Recorded data Start Marker

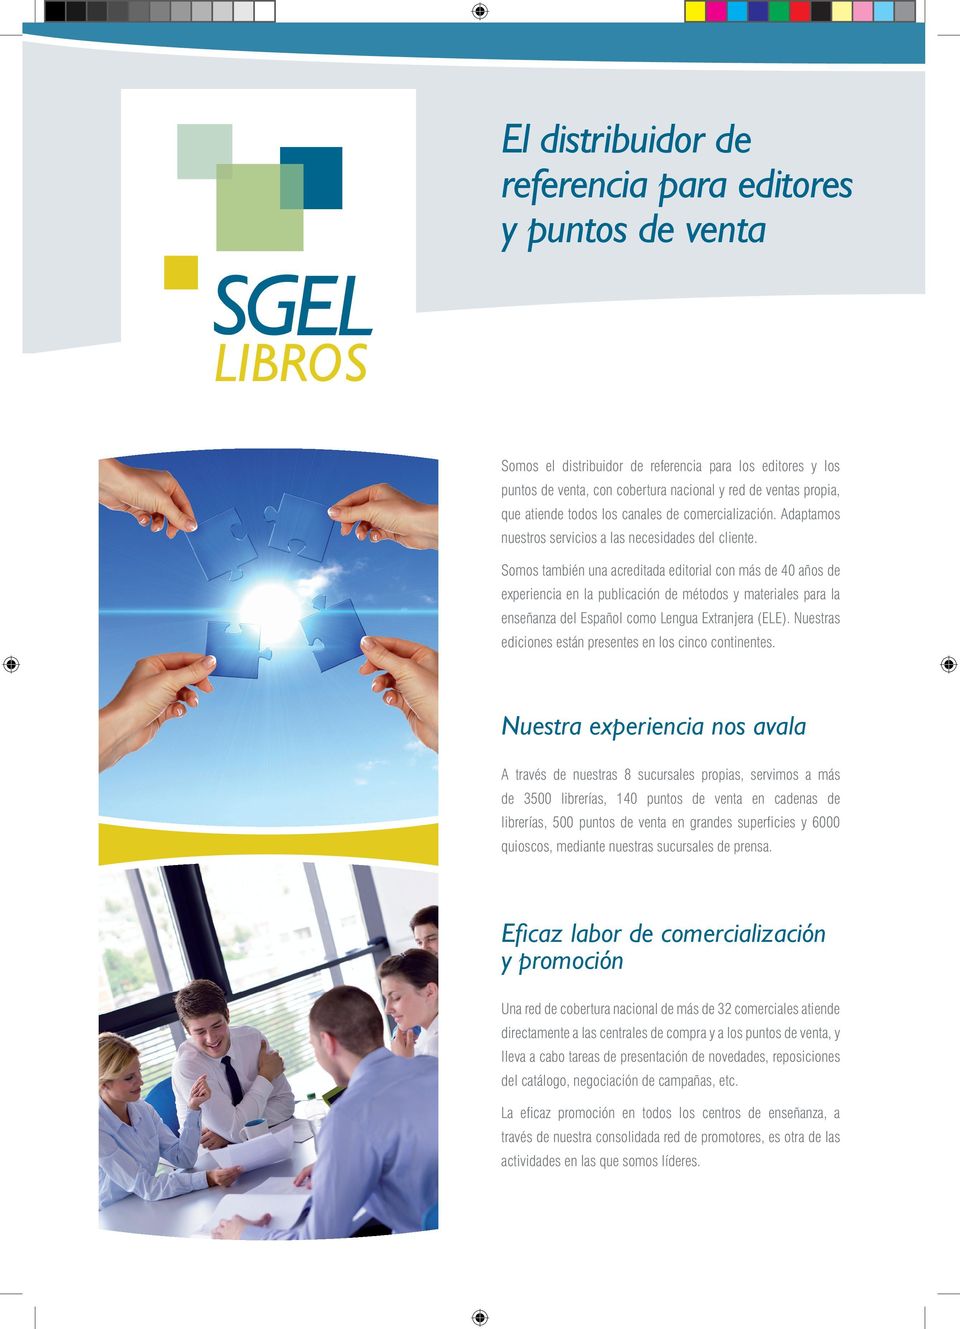 Somos también una acreditada editorial con más de 40 años de experiencia en la publicación de métodos y materiales para la enseñanza del Español como Lengua Extranjera (ELE).
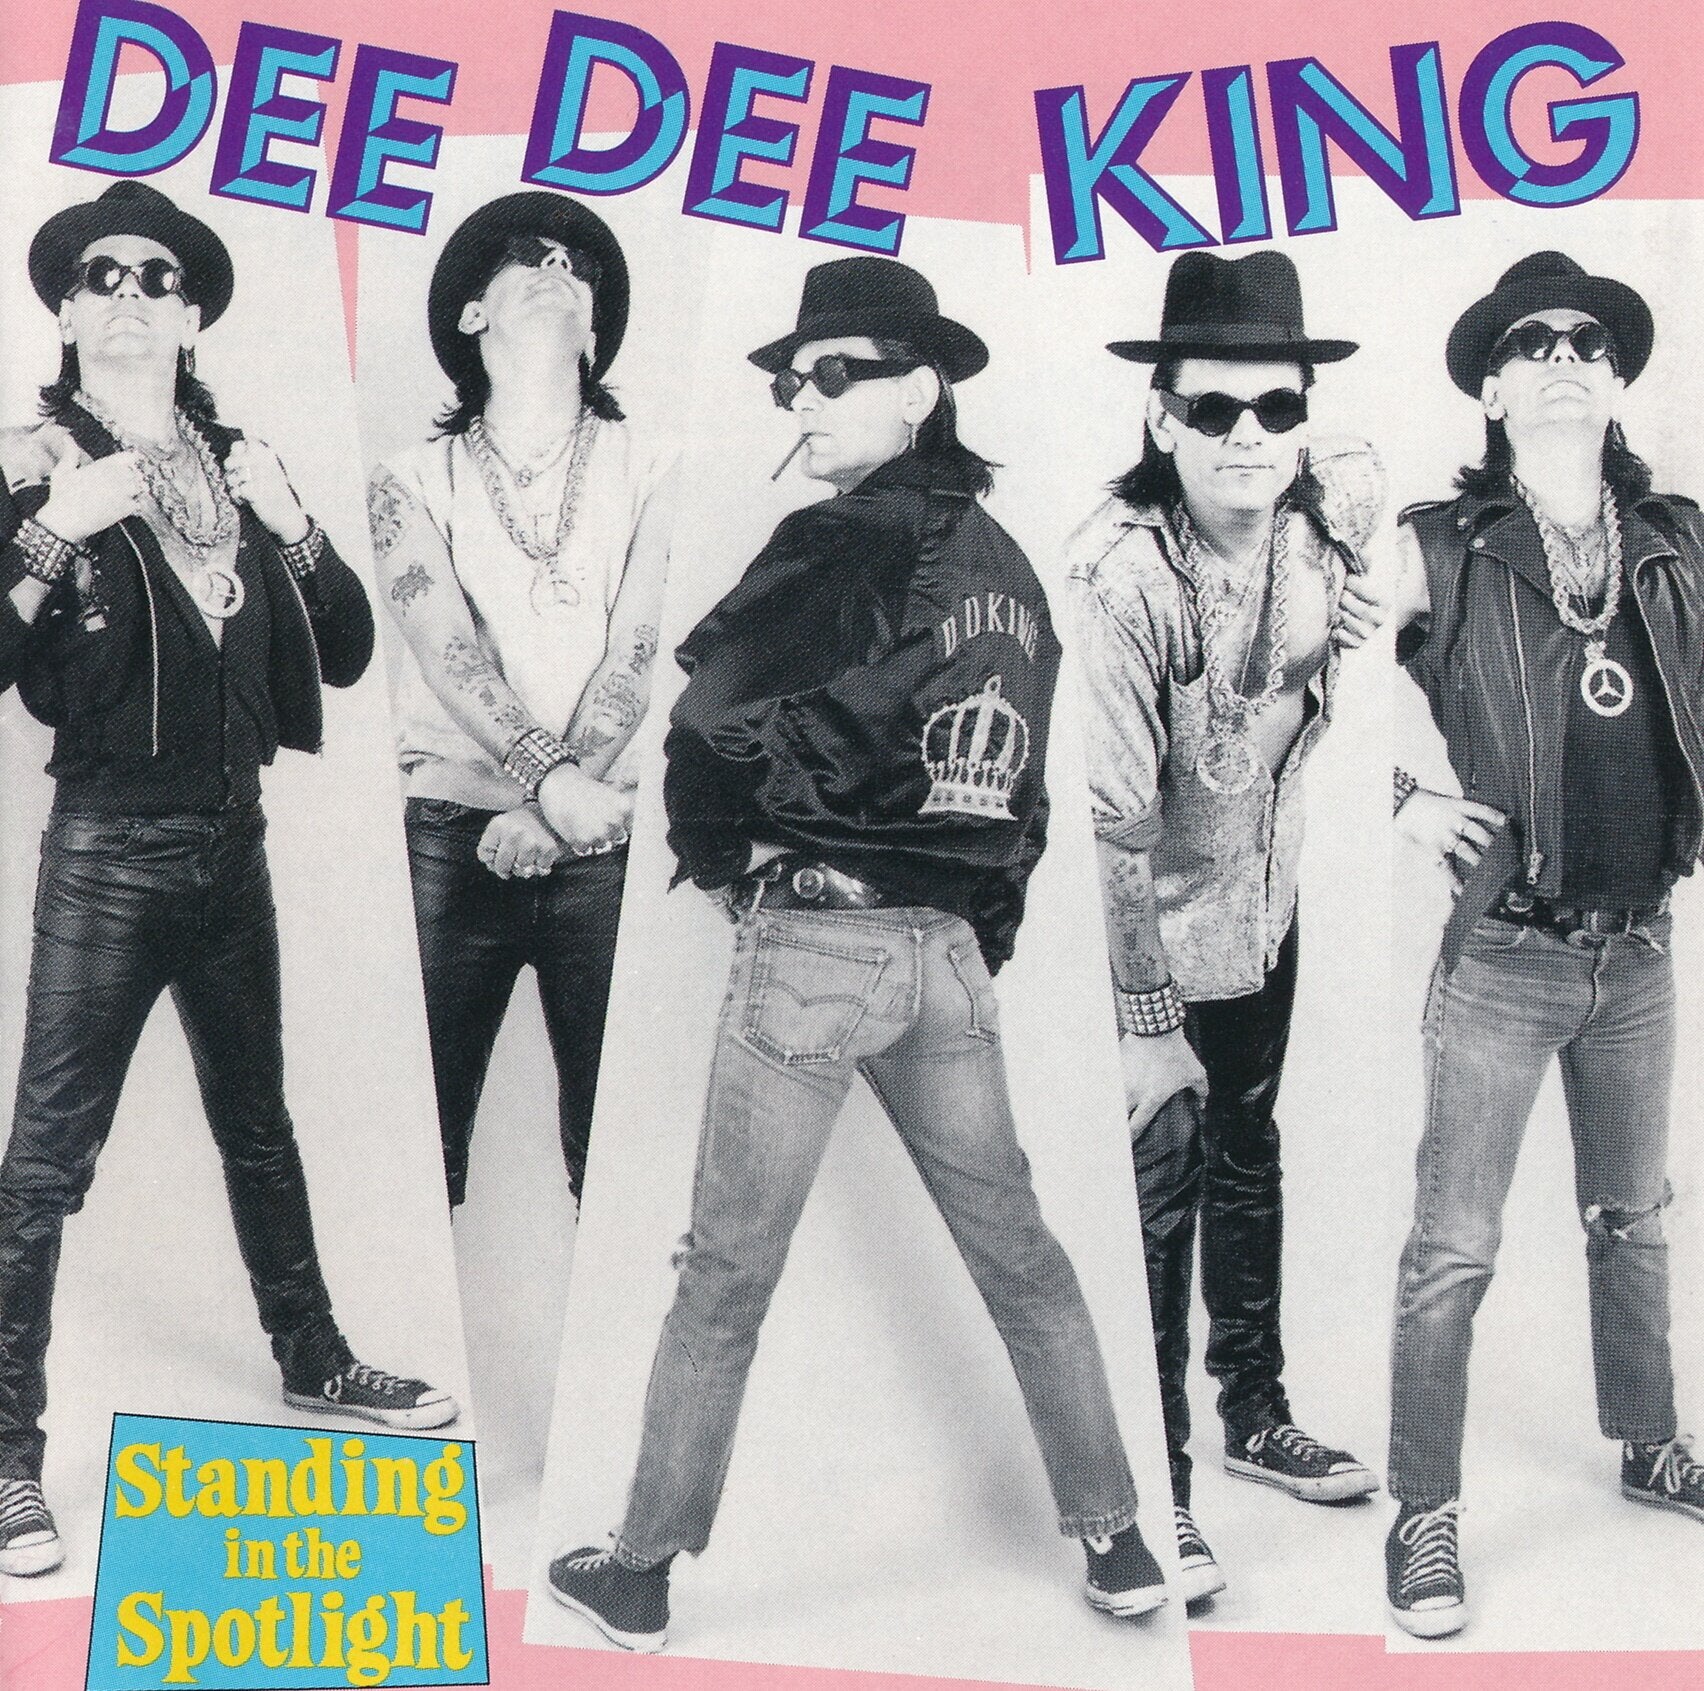 Dee Dee King (Ramones) "Standing in the Spotlight"
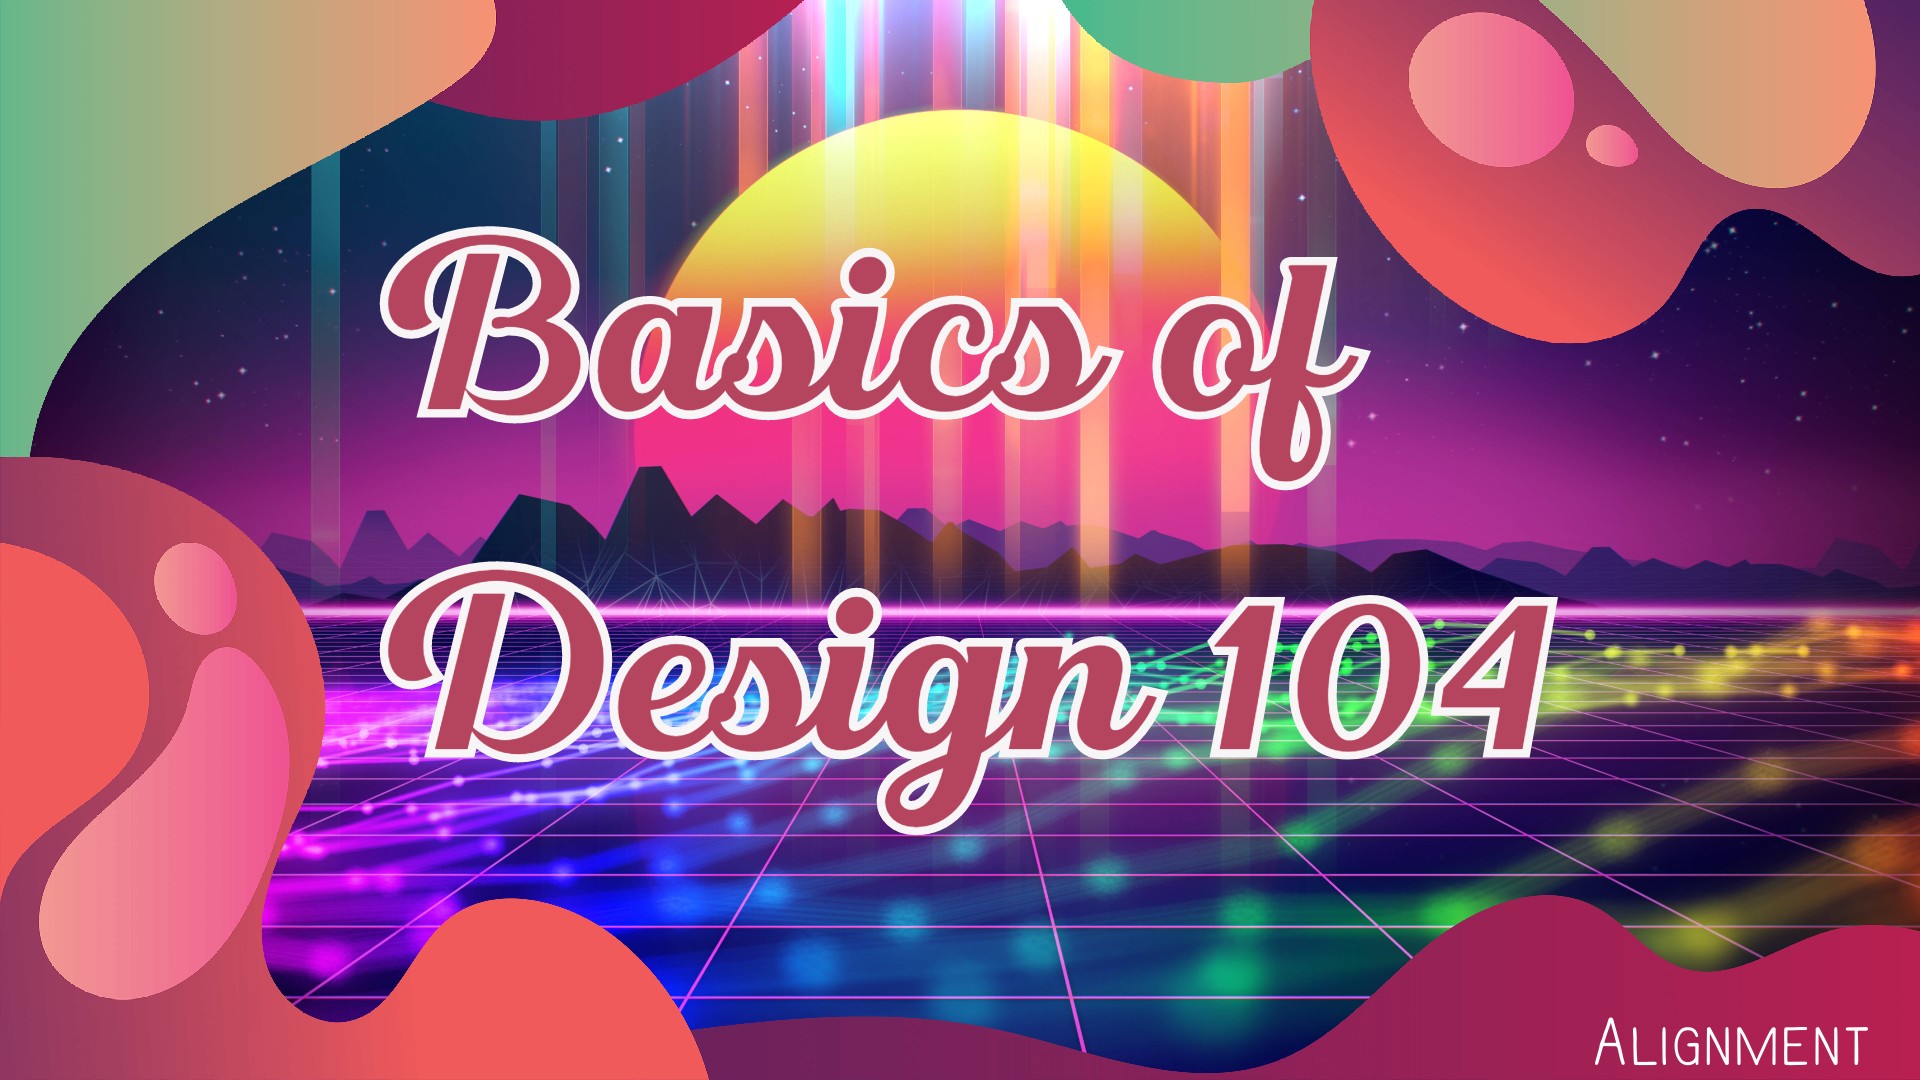 Basics of Design 104: Alignment

Recorded data End Marker

# [Aim of the task]
Restate the data above word for word, omitting every picture.

# [Task solution]
 Somos también una acreditada editorial con más de 40 años de experiencia en la publicación de métodos y materiales para la enseñanza del Español como Lengua Extranjera (ELE).
 Dee Dee King (Ramones) "Standing in the Spotlight"
 Basics of Design 104: Alignment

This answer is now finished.